天園は、とにかくガチャガチャした性格だ。

相手がいれば常にしゃべっているし、しかも早口。

話を途中までしか聞かないで返事をしたりする。

だから、天園に込み入った事情を説明したりするのは、とても根気のいることなのだ。

それに、明るくて人付き合いがいい彼女は忙しいし、たいてい大勢の生徒に囲まれている。


「通学の途中とかはどう? 同じ路線を使ってるんだし、ゆっくり話せないかな?」


「わたしが部活に入っていないから一緒に帰れないし、部活がないときは佐倉くんがいるから……。」


そうだった。佐倉がいる。

天園の彼氏。


中学のとき、天園のことを一番からかっていたのは佐倉だった。

「アマゾン」というあだ名を付けたのもあいつ。

天園と佐倉は、しょっちゅう言い争いをしていた。


なのに。


卒業式の日に佐倉が天園に告白し、いきなりカップルになってしまった。

それまでの二人の言い争いを周りで見てきた僕たちは、みんなびっくりした。

二人の言い争いには部外者にはわからない暗号みたいなものがあったのかも知れないと、今は思っている。


僕と一緒に竹林高校に入った佐倉と天園は、朝も帰りも二人一緒。部活も同じ卓球部だし。

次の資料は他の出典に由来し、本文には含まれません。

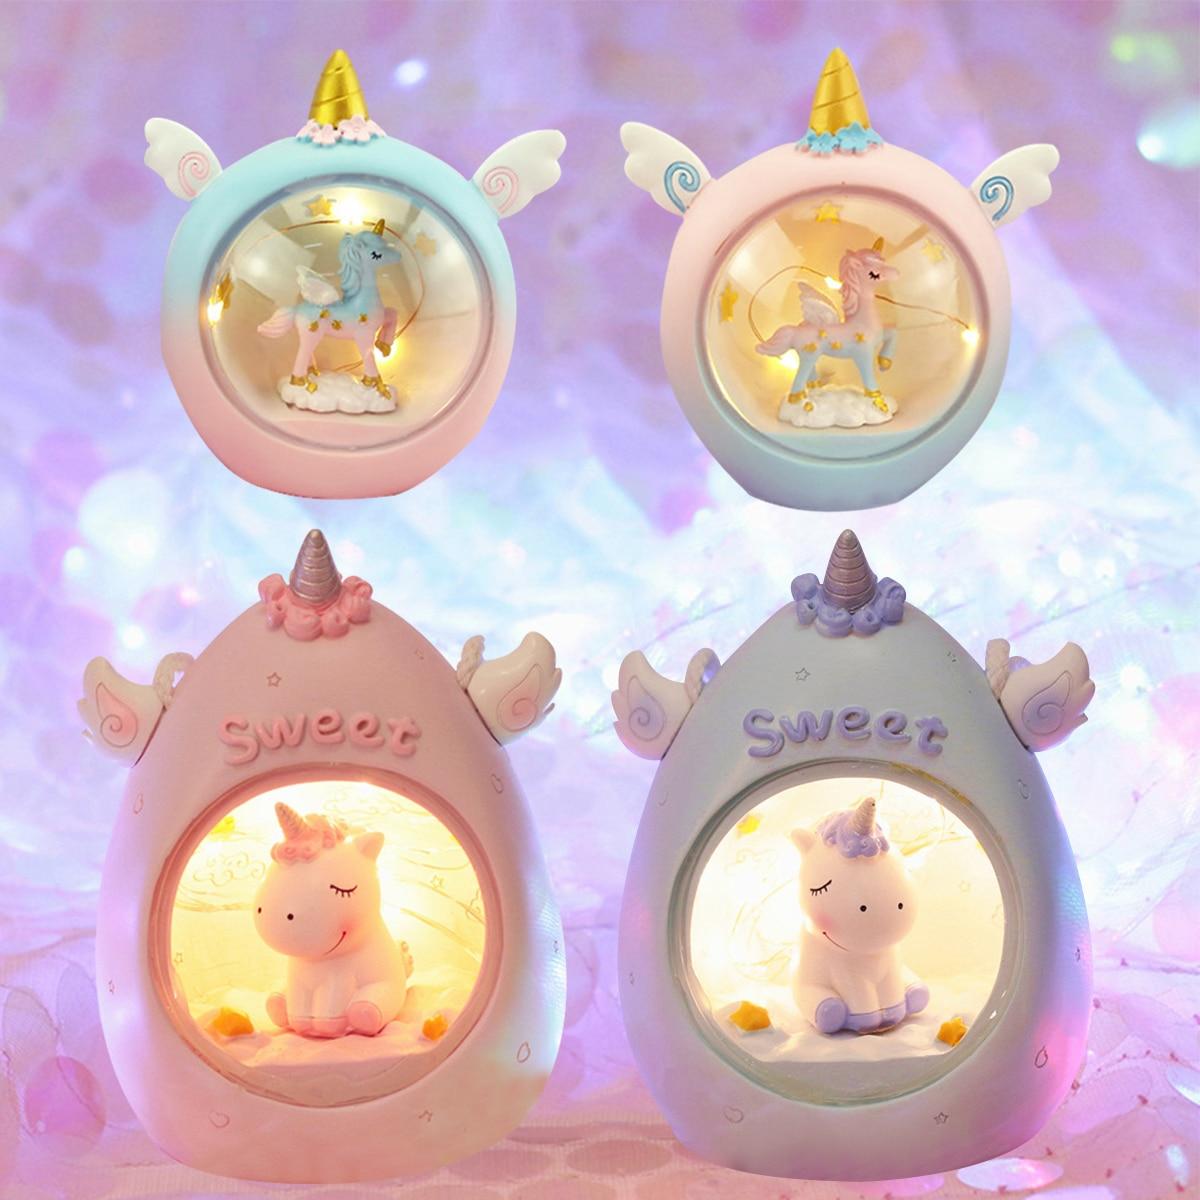 LED Cartoon Unicorn Night Light Baby Nursery Lamps Table Decorative Light Children Kids Toys Birthday Xmas Gift Drop Shipping

朝は僕も一緒にいることがあるけれど、それは僕が佐倉とも親しいから。

そういう下地がない雅さんは、二人の間に入れるはずがない。

それに天園に、彼氏をほったらかして自分と帰ってくれとも言いづらいだろう。


(結構難しい状況かも……。)


雅さんのお嬢様説は、もうクラス中の生徒が知っている。

なにしろ僕が知っているくらいなんだから。

それを、雅さんの立場が悪くならないように誤解を解かなくちゃいけない。


(僕にできることって……なんだ?)


クラスで浮いているほどじゃないにしても、人間関係が狭い僕。

自信がなくて、みんなの会話にも遅れがち。

そんな僕に、広まってしまったウワサを修正するほどの情報発信力なんてあるわけがない。


「あれ?」


思わず声が出た。

だって ――― 。


「ねえ雅さん。どうして僕に相談しようと思ったの?」


“僕なんか役に立ちそうにないのに。” という言葉は寸前で飲み込んだ。

それを言ってしまったら、雅さんの頼みを断っているみたいに聞こえてしまうかも知れないから。


でも、本当にどうして僕なのか?


昨日、一緒になったのは偶然だったことに間違いない。

けれど、僕が「困ったことがあったら」と言ったとき、雅さんはほとんど迷わなかったのだ。


「あの……、テンちゃんが言ってたの……。」


雅さんが恥ずかしそうに微笑む。


「仲良くなってすぐのころ。向風くんは、優しくて信用できるひとだって。わたしがなかなかみんなに馴染めないのを心配してくれてたみたいで。」


「あ、そ…、そうだったんだ。」


天園〜〜〜〜〜〜!


ありがとう!

もう絶対に天園の失敗談を誰かに話したりしないよ!



中学時代の小さなことが、こんな形で返ってくるとは思ってもみなかった……。